🤖 AI Summary
Existing image-to-video methods struggle to generate high-fidelity motion graphics featuring active text animation and object deformation, while code-based vector animation approaches rely on manually annotated hierarchical vector structures, limiting applicability to single raster inputs. This paper introduces the first end-to-end framework that reconstructs semantic, layered HTML structure directly from a single raster image and synthesizes executable JavaScript animation code. Our method integrates raster image layer decomposition, HTML semantic reconstruction, cross-modal alignment—leveraging diffusion or generative models—and animation code synthesis, all without requiring manual vector layer annotations. Experiments demonstrate that our generated motion graphics significantly outperform general-purpose image-to-video models in text readability, structural fidelity, and motion plausibility. Crucially, outputs are deployable, editable frontend code—effectively bridging raster inputs and executable, vector-based motion graphics.
📝 Abstract
General image-to-video generation methods often produce suboptimal animations that do not meet the requirements of animated graphics, as they lack active text motion and exhibit object distortion.
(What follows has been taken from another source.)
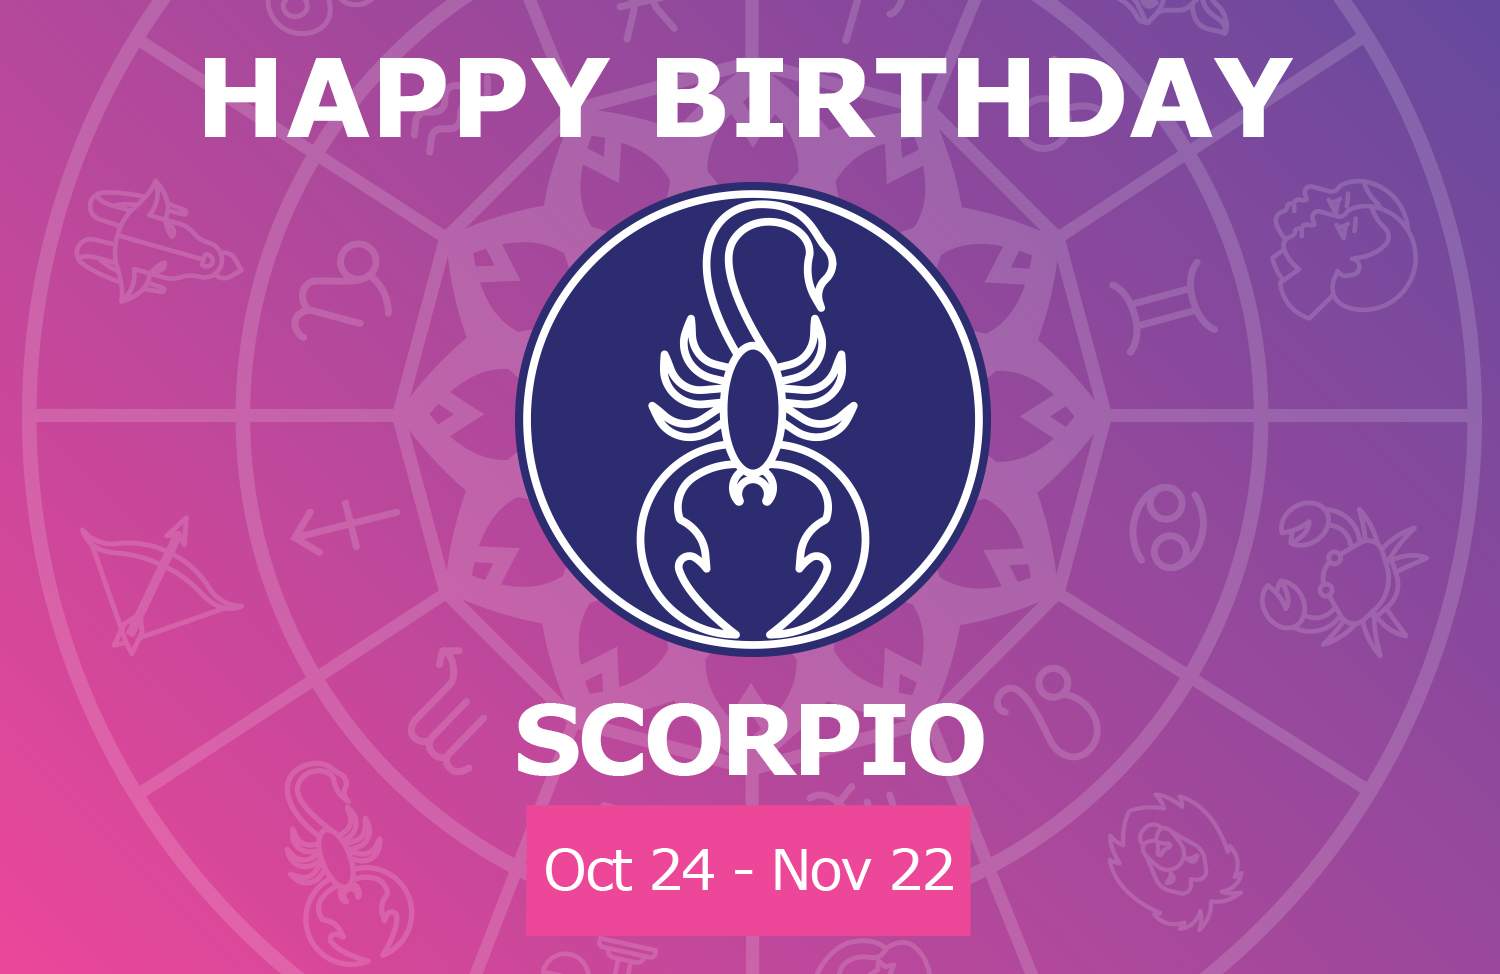 Happy Birthday Scorpio!

Also, code-based animation generation methods typically require layer-structured vector data which are often not readily available for motion graphic generation. To address these challenges, we propose a novel framework named MG-Gen that reconstructs data in vector format from a single raster image to extend the capabilities of code-based methods to enable motion graphics generation from a raster image in the framework of general image-to-video generation. MG-Gen first decomposes the input image into layer-wise elements, reconstructs them as HTML format data and then generates executable JavaScript code for the reconstructed HTML data. We experimentally confirm that ours{} generates motion graphics while preserving text readability and input consistency. These successful results indicate that combining layer decomposition and animation code generation is an effective strategy for motion graphics generation.